Lead is linked to a loss of IQ points, impulsiveness, and trouble controlling your emotions. Its effects are insidious, and can take years to manifest.

And it’s not like these kids have it easy. Their father dotes on them (pictures and trophies are everywhere in the apartment), but they live in a poor and often violent city. Contrasting their sweetness and hope with what I know is in front of them gutted me.

That’s why I called my mom. I’ve covered a lot of tough stories. 9/11. The aftermath of Hurricane Katrina. The BP oil spill. Waves of foreclosures and lost homes in the recession. I’ve had people cry into my microphone. But there’s something about Flint, and how its water crisis hurts the most vulnerable, that feels like such an abnegation of responsibility. A breach of the social contract. And what adults owe to kids.

We don’t know who made the decision not to use corrosion control chemicals in the water from the Flint River. Maybe it wasn’t even one person. Somebody this week told me he thought it was “misfeasance not malfeasance.” But the result was highly corrosive water that pulled lead from pipes into the city’s system. Eighteen months of kids consuming it. And government officials who repeatedly told people it was safe.

When you drive around Flint, you see houses with boards on the windows, or vacant lots. It’s not unlike a lot of industrial cities where the industry up and left. And invariably, people will ask, “why don’t they leave?” People asked in New Orleans, and it’s bound to come up again. One father, Kenneth Madison, told me he knew people who were talking about it. But in many cases, I suspect people either won’t have the money, or won’t want to.

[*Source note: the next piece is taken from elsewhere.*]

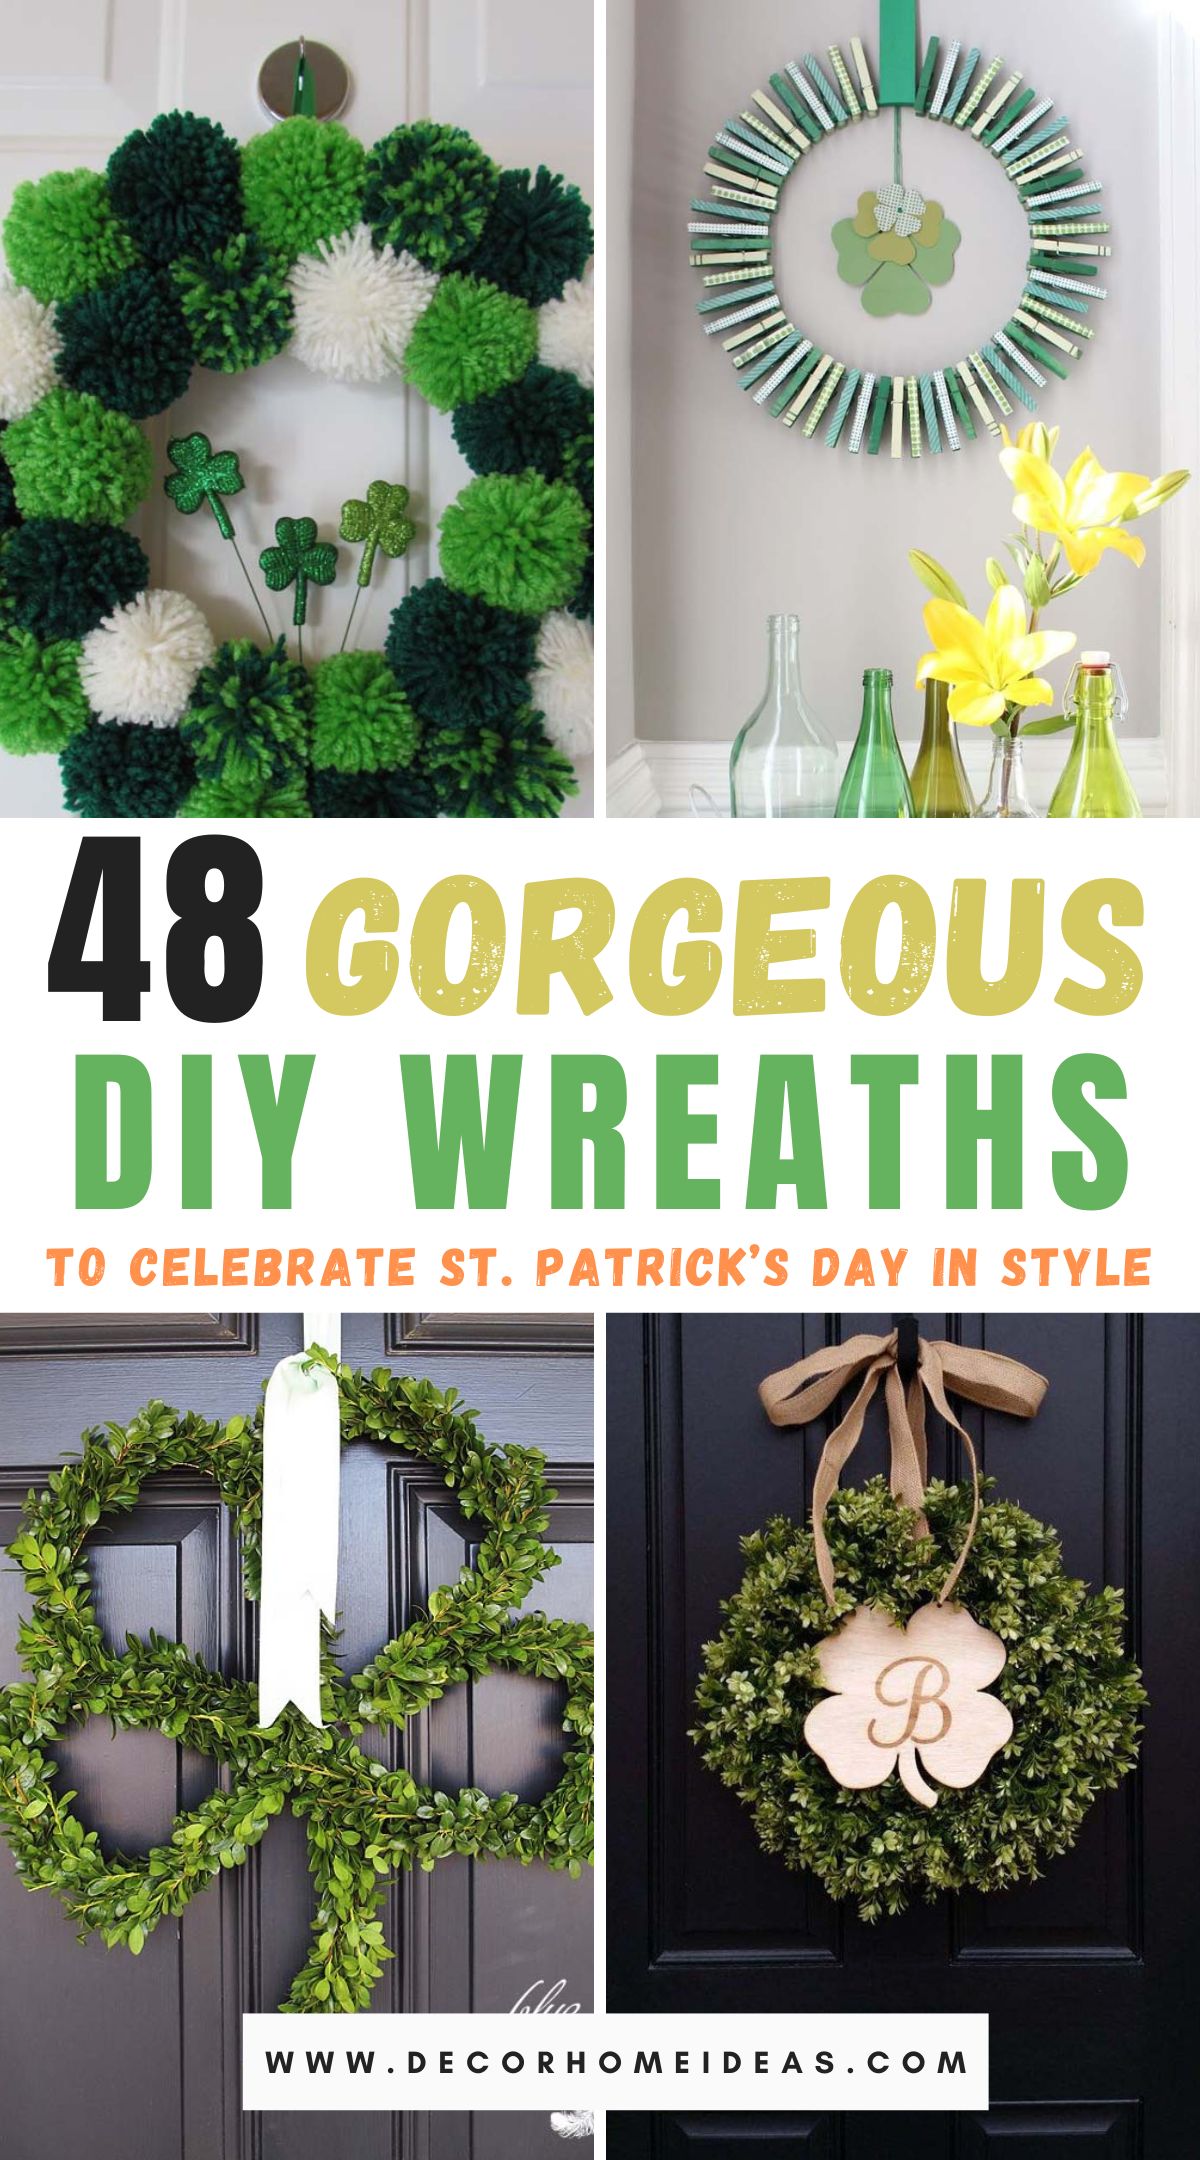 Celebrate St. Patrick's Day in style with 50 gorgeous DIY wreaths. From shamrock-adorned designs to rustic burlap creations, discover a plethora of inspiring projects to adorn your door and welcome the luck of the Irish into your home with flair and elegance.

One thing I’ve seen after disasters is that people tend to want to stay and help their home towns, even at their worst. Maybe this will happen in Flint, I don’t know. Of all the people I’ve interviewed here, only one told me that she still has trust in government. Remember, the government here (federal, state and city) told citizens the water was safe. They browbeat a local doctor who found high lead levels in kids’ blood tests. Same for researchers (including one EPA employee), who showed how dangerous things were. It’s hard to overstate how profoundly this has shaken people’s faith in institutions here.

Honestly, right now, I don’t blame them.